= The Edinburgh Society of Organists =

The Edinburgh Society of Organists (ESO) was founded in 1913 by Dr William Baird Ross, whose original aim was to provide "social intercourse and friendly interchange of opinion". This is still an aim of the Society today along with the promotion of local organs and organists.

==History==
Now over 100 years old, the ESO has evolved and survived by adapting to the changing needs of the organists' profession and the needs of church music in general.

When the society was founded by Dr William Baird Ross, esteemed organist of Broughton Place U.P. Church (now Lyon and Turnbull's showroom), its principal raison d'être was to give Edinburgh's organists the chance to meet each other and to learn about each other's work and experiences. The first meeting of the new society was held on 24 June 1913.

Over the decades, the ESO has strived to encourage potential young organists, to negotiate with church authorities over salary scales at a national level, to provide an organ advisory service to help churches maintain their instruments in a cost-effective way, and to provide finance and other initiatives to assist with organists' training.
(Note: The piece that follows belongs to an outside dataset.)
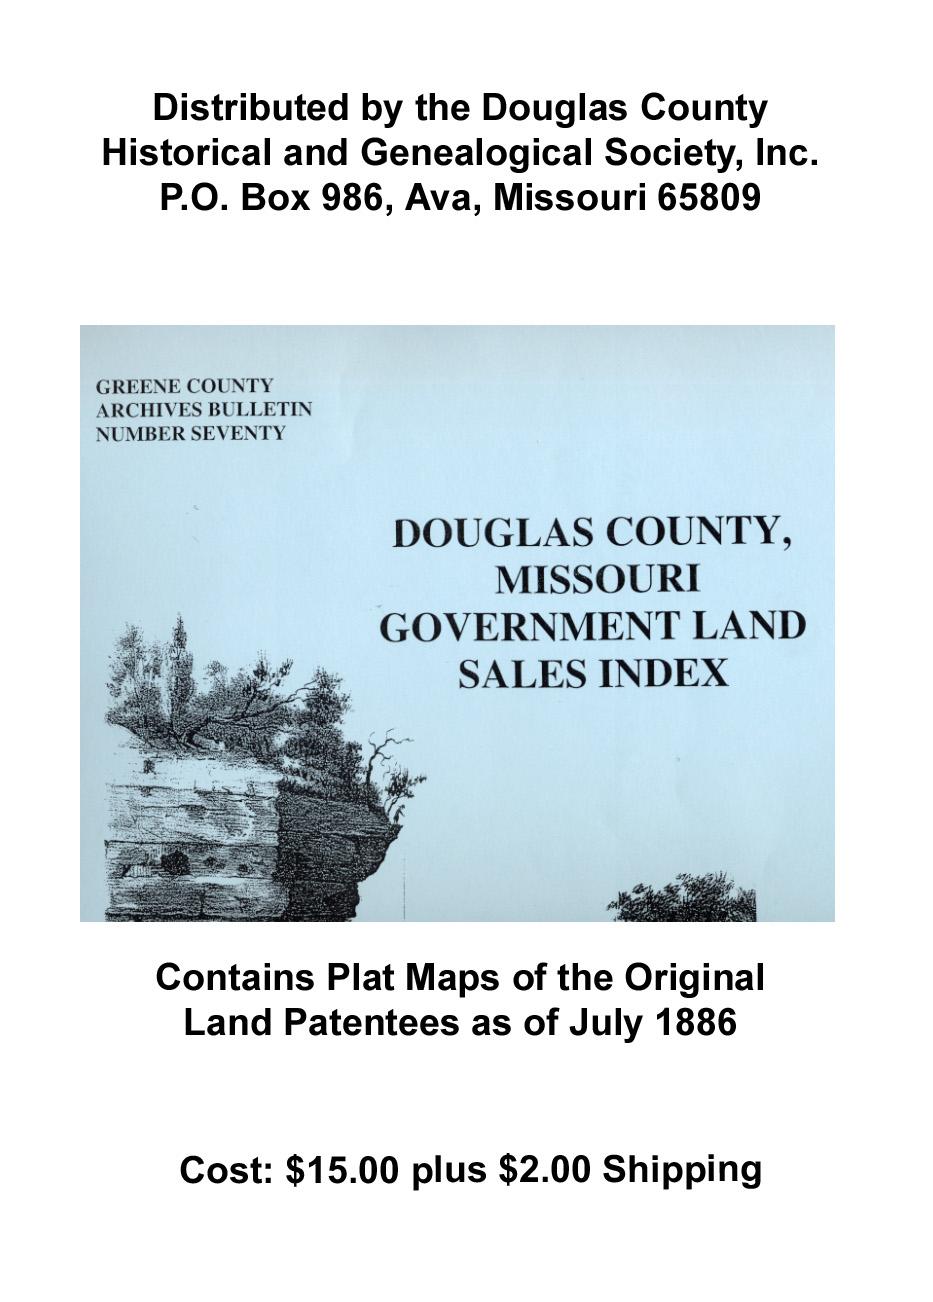 Douglas County GenWeb on douglas county colorado map, littleton plat map, douglas county mo gis mapping, douglas county mo map, douglas county wi land maps, douglas county parcel map, swift county mn map, douglas county soil map, ne county map, douglas az map, douglas county ne, douglas county survey maps, douglas county mn map, douglas county georgia map, douglas county plat book, portland plat map, douglas county nebraska, madison county ny map, douglas county road map, cass county nebraska map,

Since its formation, the ESO has held monthly meetings for its members that range from recitals, lectures, visits to organs and social events.

Membership has risen gradually from about 60 in 1913 to a peak of over 250 in the early 1980s and some 220 at present. In many respects it is one of the most active of the musical societies which exists in Scotland at the present time.

==Office bearers==
The Society elects a council to plan events and make decisions on behalf of the Society's members.

The council usually consists of the president, the vice-president, the past president (for one year after leaving office) the honorary secretary, the membership secretary, the honorary treasurer, the editor of Console (the Society's magazine), and six to ten 'members of council' who have no specific responsibility.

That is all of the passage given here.